Greetings my name is Ache I need help from a member to parents me please


----------



## crono782 (Oct 30, 2014)

A parent? I don't understand. I get the gist though. You need to find a local lodge and contact them. Where are you at? Maybe we can point you to one.


----------



## dfreybur (Oct 31, 2014)

By "parents" I think you have requested a sponsor or mentor.  That person has to be local.  If you list your geography in this thread and/or in your profile we can point you to local resources.


----------



## Ache Amaze (Nov 13, 2014)

I am in North Africa Country Morocco.city Casablanca. I need a Mentor. Someone to take me inn. Thank


----------



## Ache Amaze (Nov 13, 2014)

Sir Crono782. What I mean is. a Mentor. Some one to take me Inn. That is what I mean by PARENT. Thank you


----------



## dfreybur (Nov 13, 2014)

Search for "The Regular Grand Lodge of the Kingdom of Morocco".  According to wikipedia (usual caveats about lack of accuracy) there web site is http://www.glm.ma/entree.htm


----------



## Ache Amaze (Nov 18, 2014)

The link has no address or page. And I make so much inquiries but there is no Lodge here.
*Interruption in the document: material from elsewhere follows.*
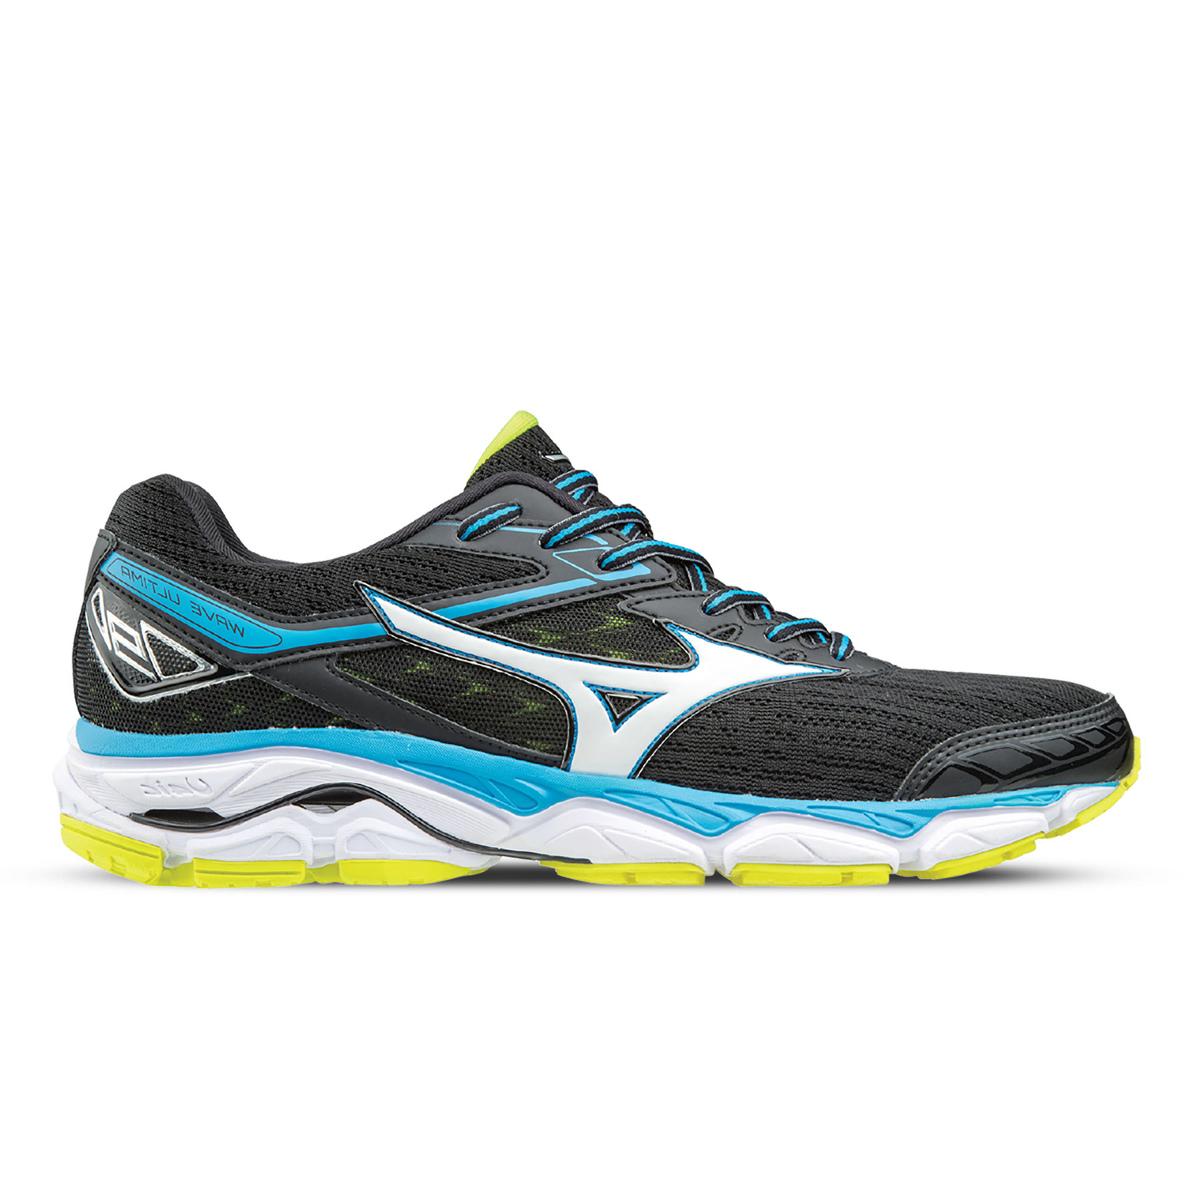 buy online 1465a 03963 Wave Runnea Opinioni Scarpe Running 9 Ultima Mizuno gdRtqYY

But there are Masons they meet in either house or hotels.


----------



## Najim khan (Jan 12, 2015)

I am in tanzania country kigambon.city pikori.I need a mentor.someone to take me inn.

Sent from my TECNO M3 using My Freemasonry HD mobile app


----------



## Bro. Stewart P.M. (Jan 13, 2015)

Ache Amaze said:


> The link has no address or page. And I make so much inquiries but there is no Lodge here. But there are Masons they meet in either house or hotels.


 
Try this Link.. http://www.glm.ma/entree.htm

You may have to access this Link from your Desktop PC, and not your Mobile Device.


----------